## [TASK PROMPT]
Everything from the line containing "Himalayan Mountain Jacket" through the final line below must be output exactly, both ends included, with nothing else and no pictures.
═══ DATA BELOW ═══
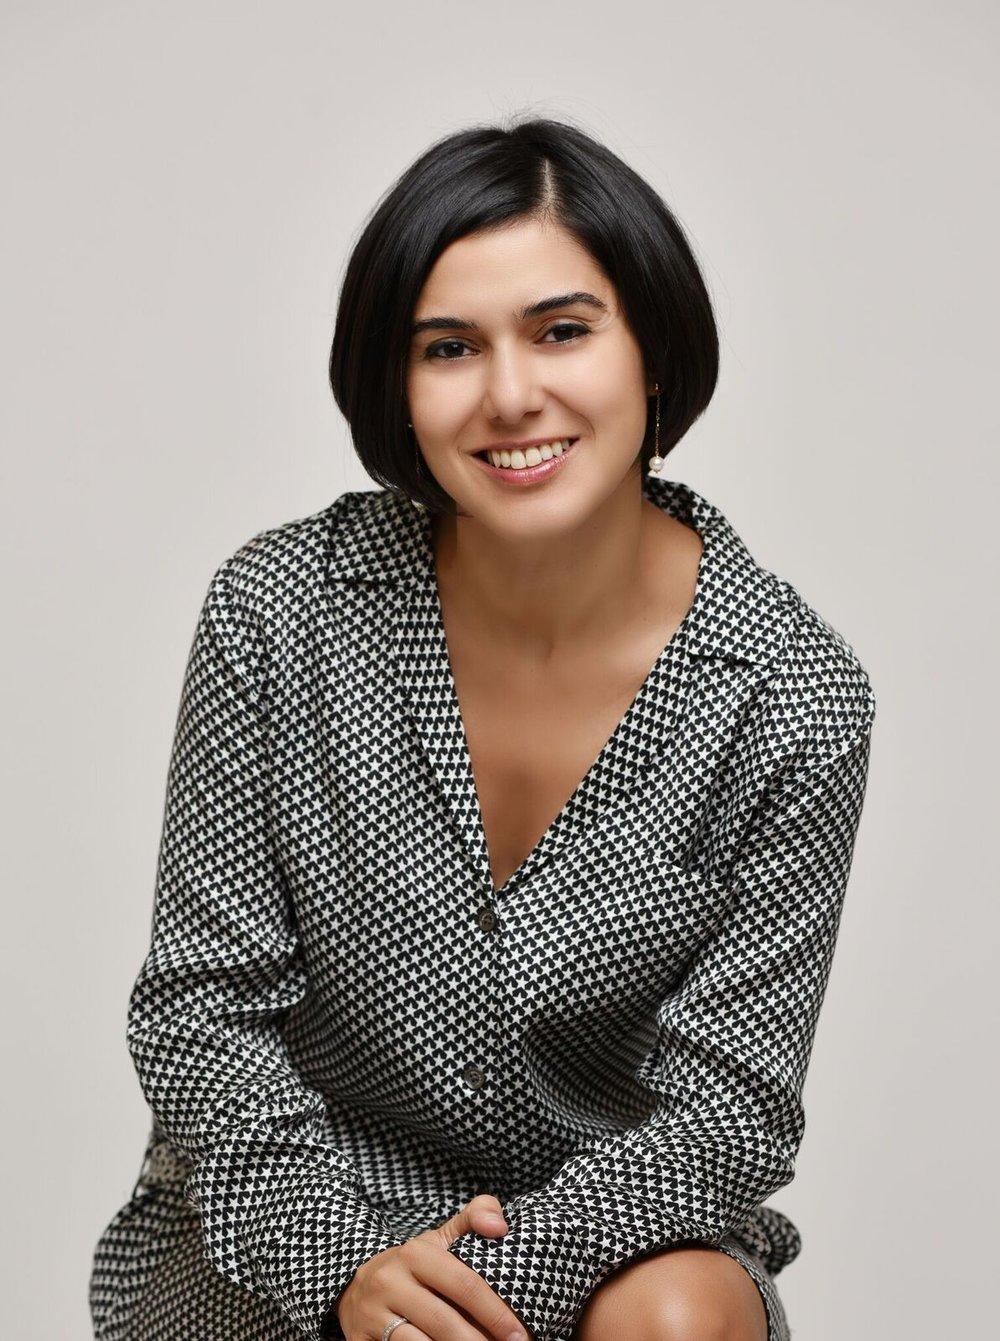 Rana Nawas
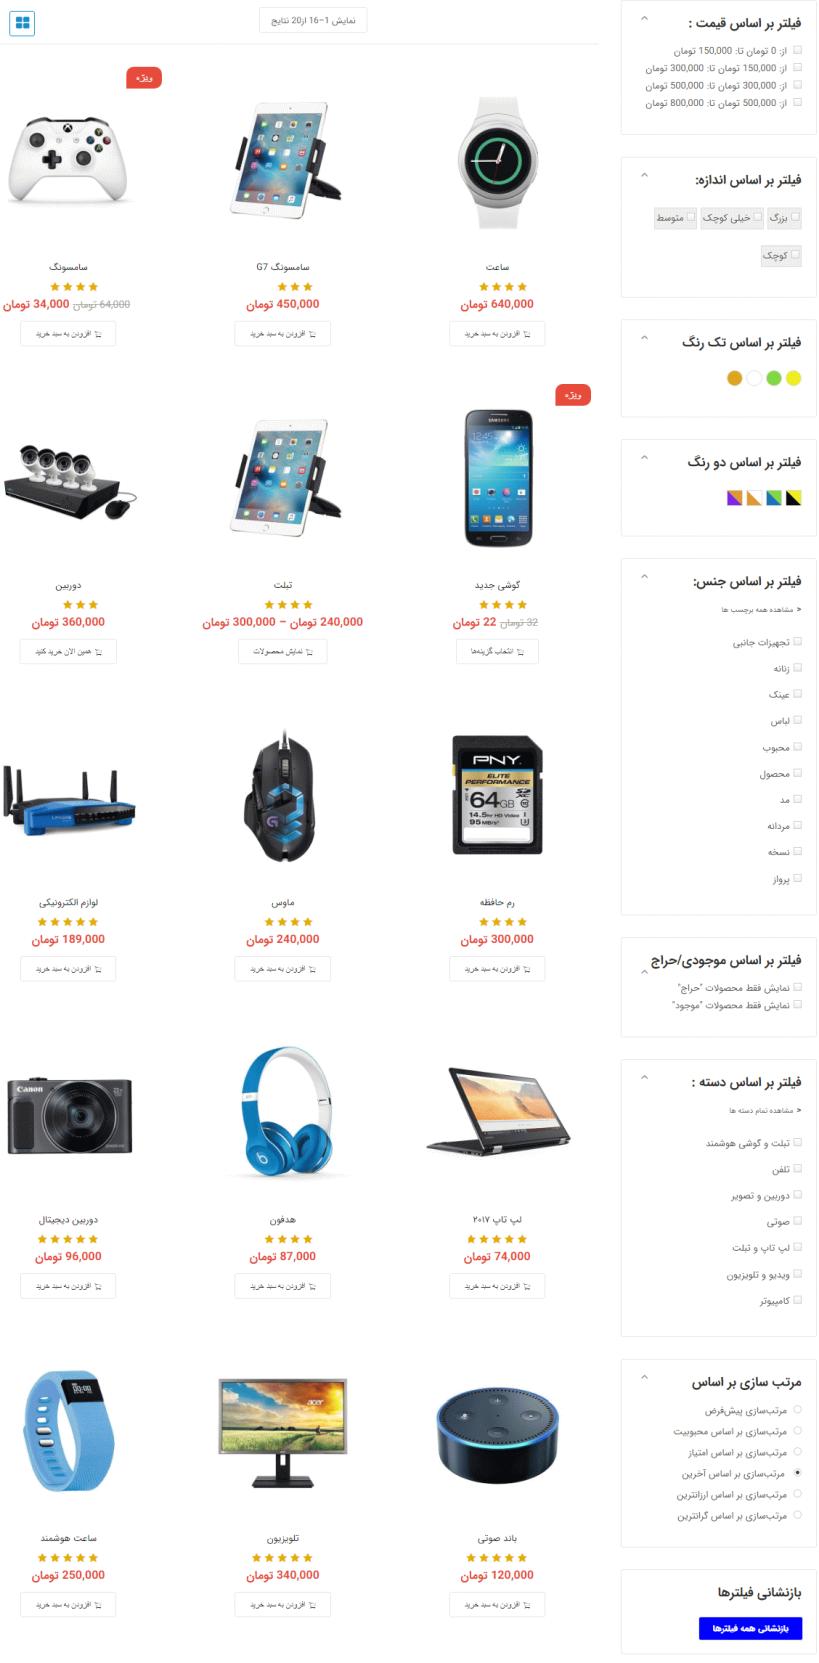 نمونه فیلتر محصولات در صفحه فروشگاه
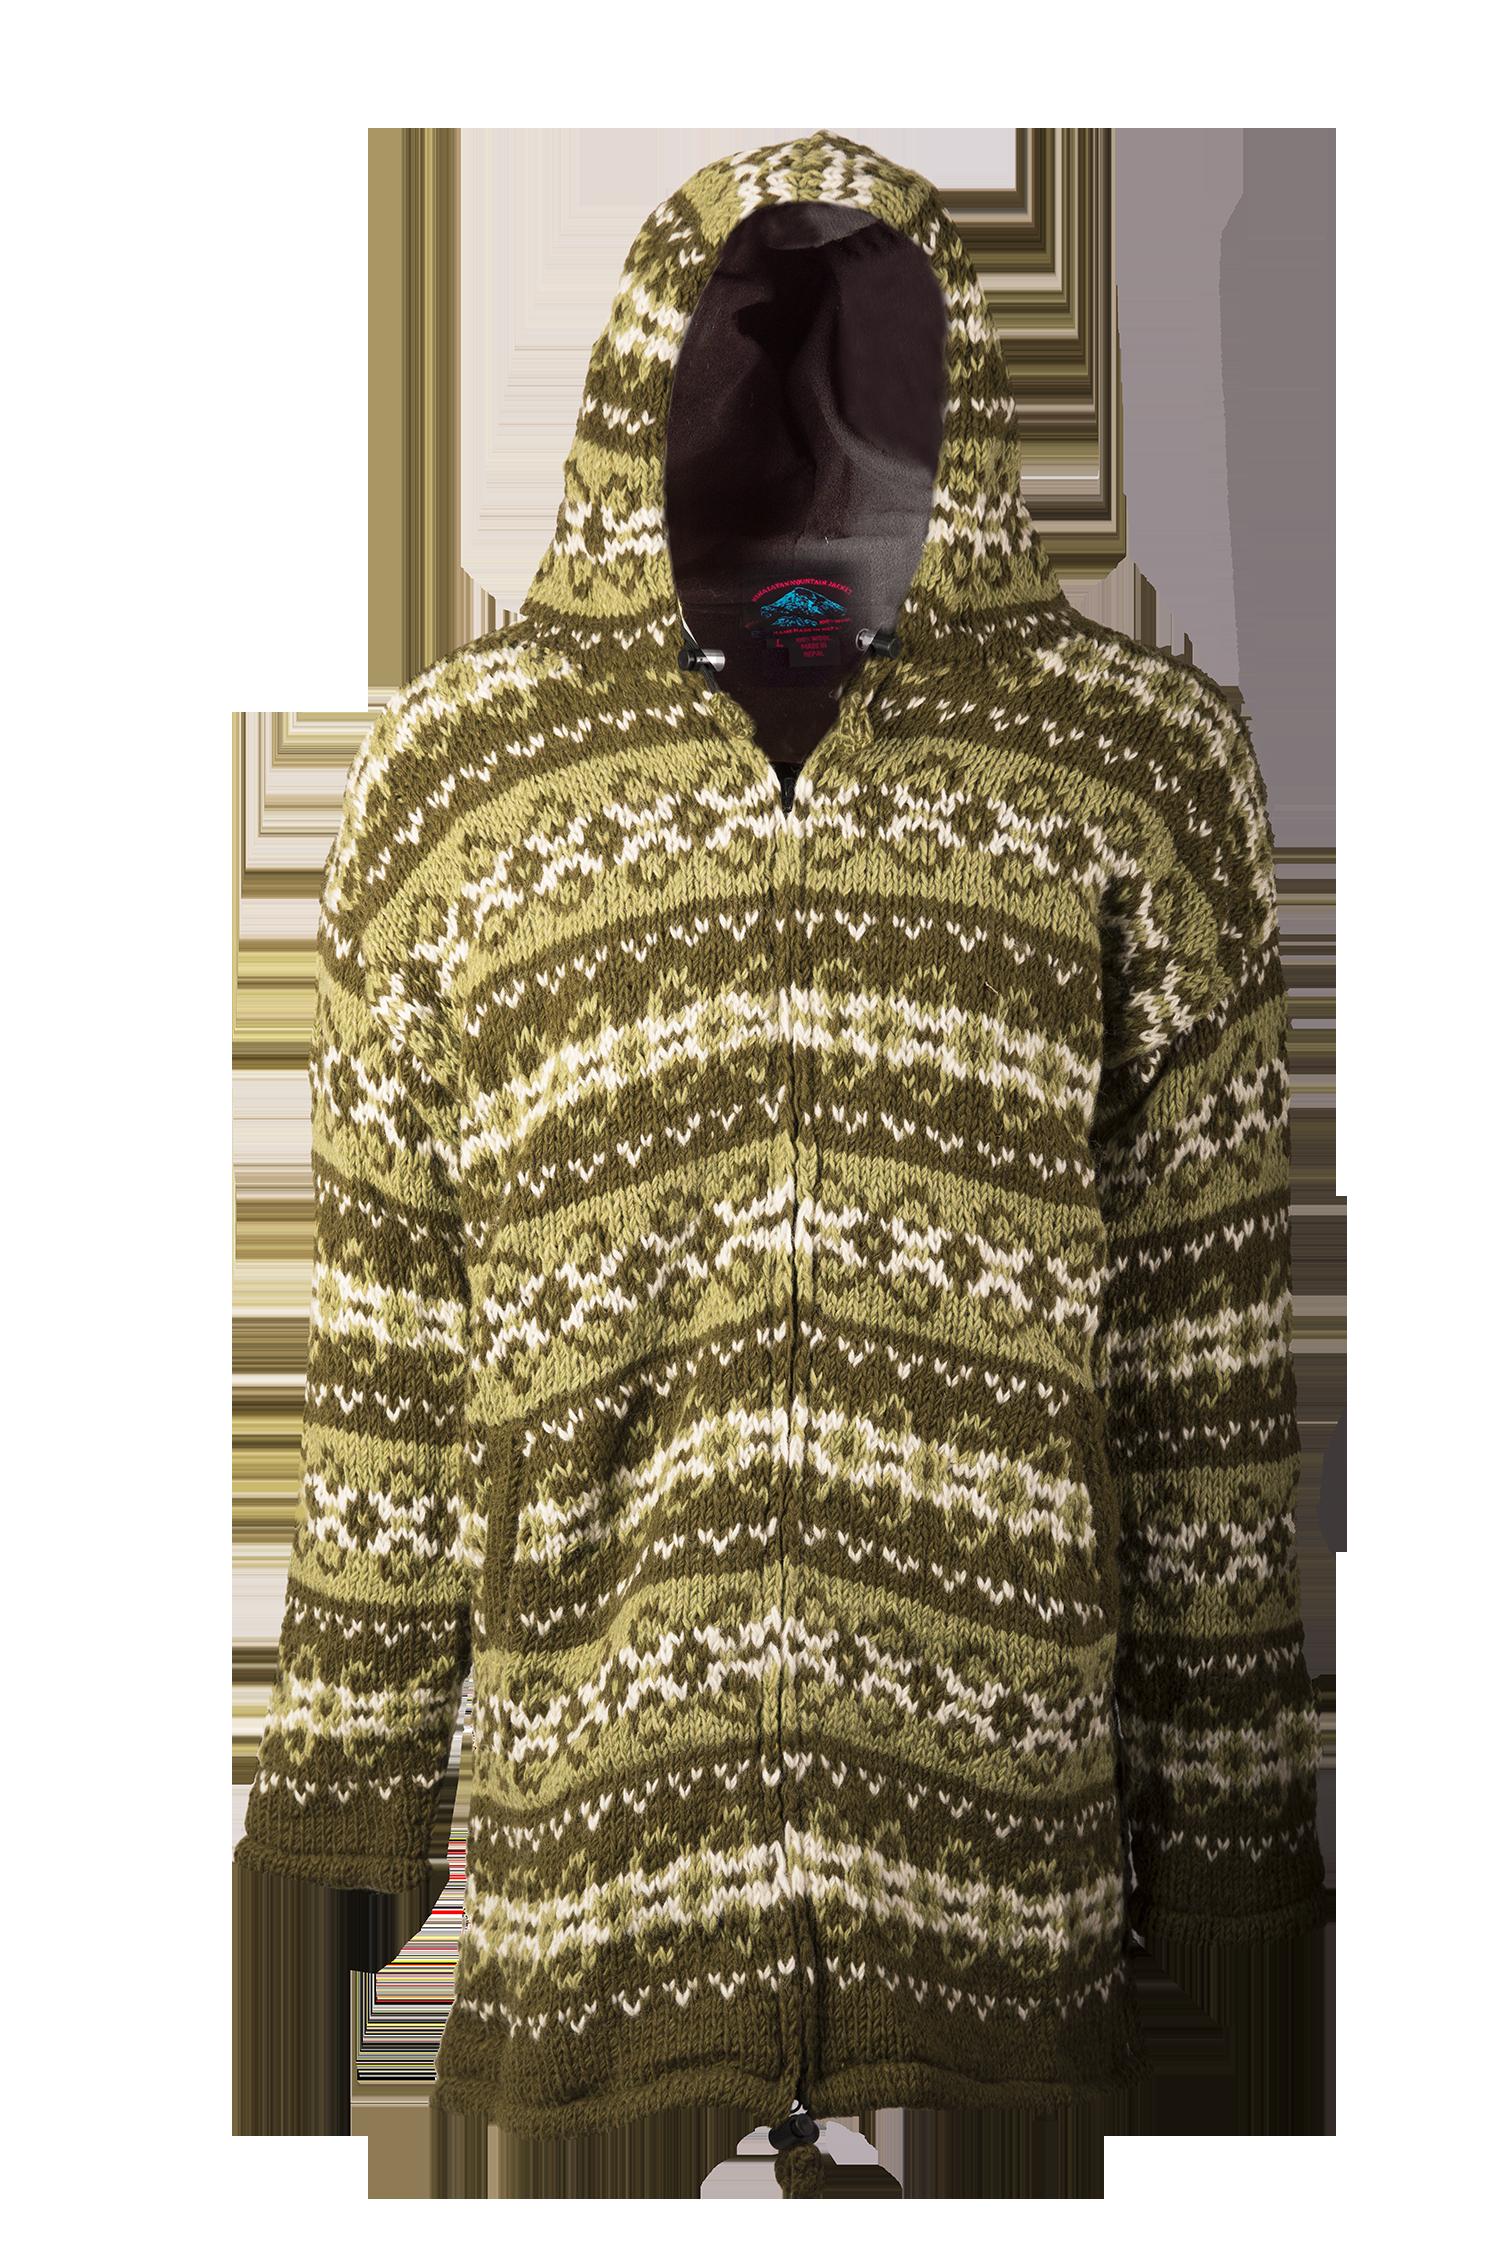 Himalayan Mountain Jacket Long Length Vintage Pattern, Green
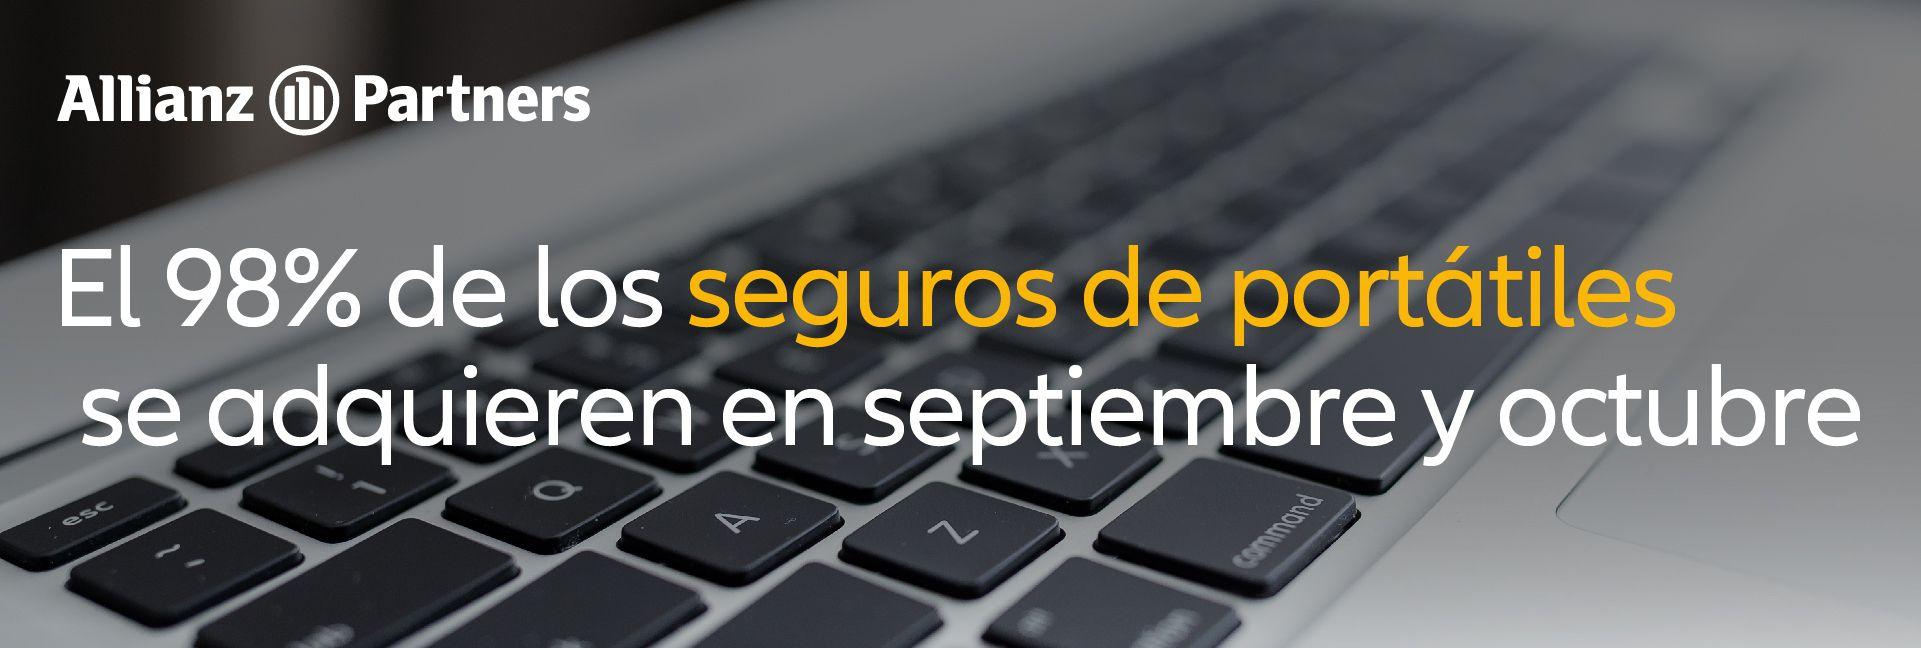 El 98% de los seguros de portátiles se adquieren entre septiembre y octubre, según Allianz Partners
═══
## [THE COMPLETED TASK]
 Himalayan Mountain Jacket Long Length Vintage Pattern, Green
 El 98% de los seguros de portátiles se adquieren entre septiembre y octubre, según Allianz Partners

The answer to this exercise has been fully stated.